Ein Grund mag sein, dass wir noch ganz am Anfang eines neuen Zeitalters stehen und daher die Früchte der Forschung noch relativ niedrig hängen. Einen anderer ist die Eigenart vernetzter Maschinen und Systeme, dass alles was die einen lernen, umgehend auch die anderen wissen. Im idealtypischen Fall. Der Mensch muss hingegen bisher jeder für sich aufs Neue Geschick und Wissen aufbauen, wenigstens solange Tesla-Gründer Elon Musk noch keine schnurlose Gehirn-Internetschnittstelle erfunden hat, die die Grenzen zwischen unserer beschränkten lokalen Speicherkapazität und dem Wissen im Netz verschwimmen lässt.

Da der schnurlose Wissenstransfer allerdings noch in fernerer Zukunft liegt, kümmern sich die Entwickler zuerst einmal darum, die analoge in die digitale Welt zu transportieren. Und da bietet Mitsubishi Electric eine Lösung für das Ausfüllen von beispielsweise Bankformularen, die ich als zutiefst japanisch empfinde: die papierenen Formulare werden nicht abgeschafft (disruptiver Ansatz), sondern die analoge Be- und Verarbeitung durch neue Technik unterstützt (kooperativer Ansatz).

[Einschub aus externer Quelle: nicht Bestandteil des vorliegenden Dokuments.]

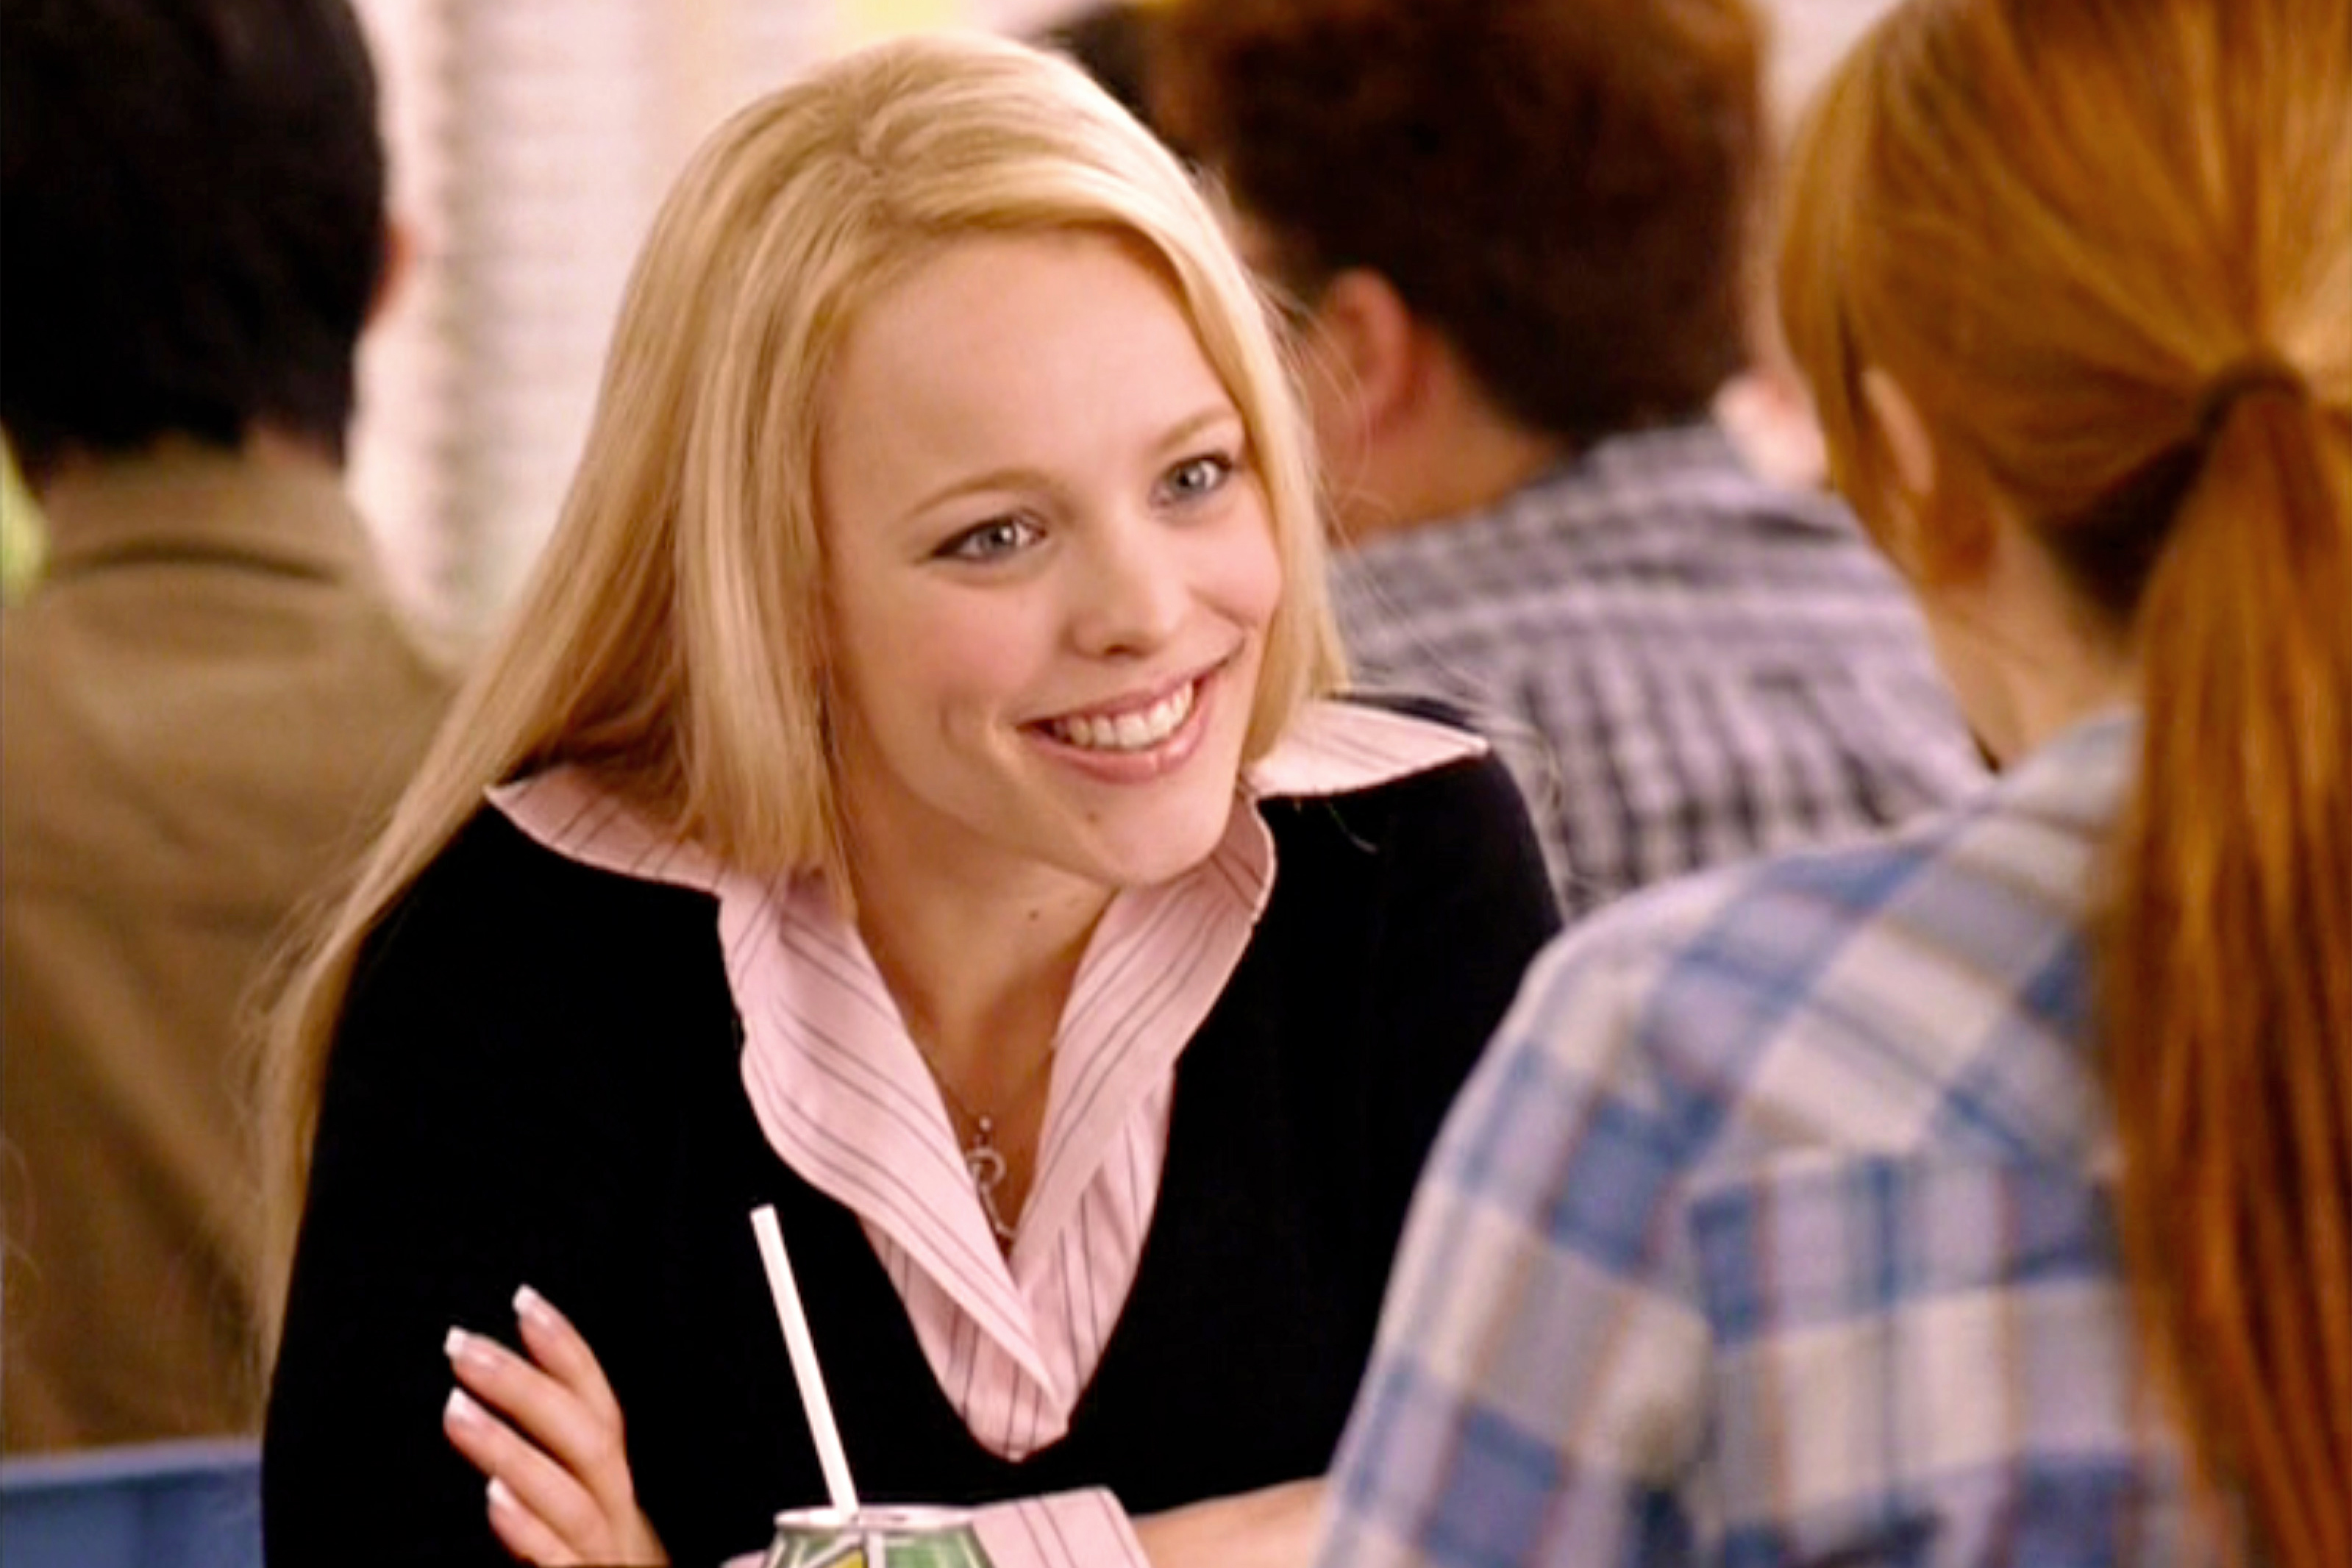 film still "Mean Girls", directed by Mark Waters

Hier das Beispiel: Beim Ausfüllen eines Formulars schaut eine Kamera dem Kunden auf die Finger. Das System erkennt, wo noch Einträge fehlen und projiziert dann mit einprogrammierter Hilfsbereitschaft einen roten Rahmen um das entsprechende Feld. Das fertig ausgefüllte Formular kann dann fotografisch eingescannt werden und – das Allerbeste – von einem Roboterarm in die richtige Ablage eingeordnet werden.

Halt, stopp, dachte ich? Ein Roboter ordnet Papier? Ergibt so etwas überhaupt Sinn? So einen Roboter halte ich für genauso überflüssig wie den Wunsch vieler Menschen nach Robotern, die Bügeln oder das Klo putzen können. Schließlich sind bügelfreie Textilien und sich selbst reinigende Klos (auch letztere gibt es hier in Japan schon länger) die weniger komplexe und billigere Lösung. Ich verstehe nicht, dass die Vordenker nicht wenigstens die papierbasierte Lagerung der Formulare abschaffen, wenn sie schon keine zellulosefreie Dateneingabe wollen. Doch vielleicht ist die Liebe der Japaner zum Papier noch zu tief, als dass die Ingenieure sich das trauen würden.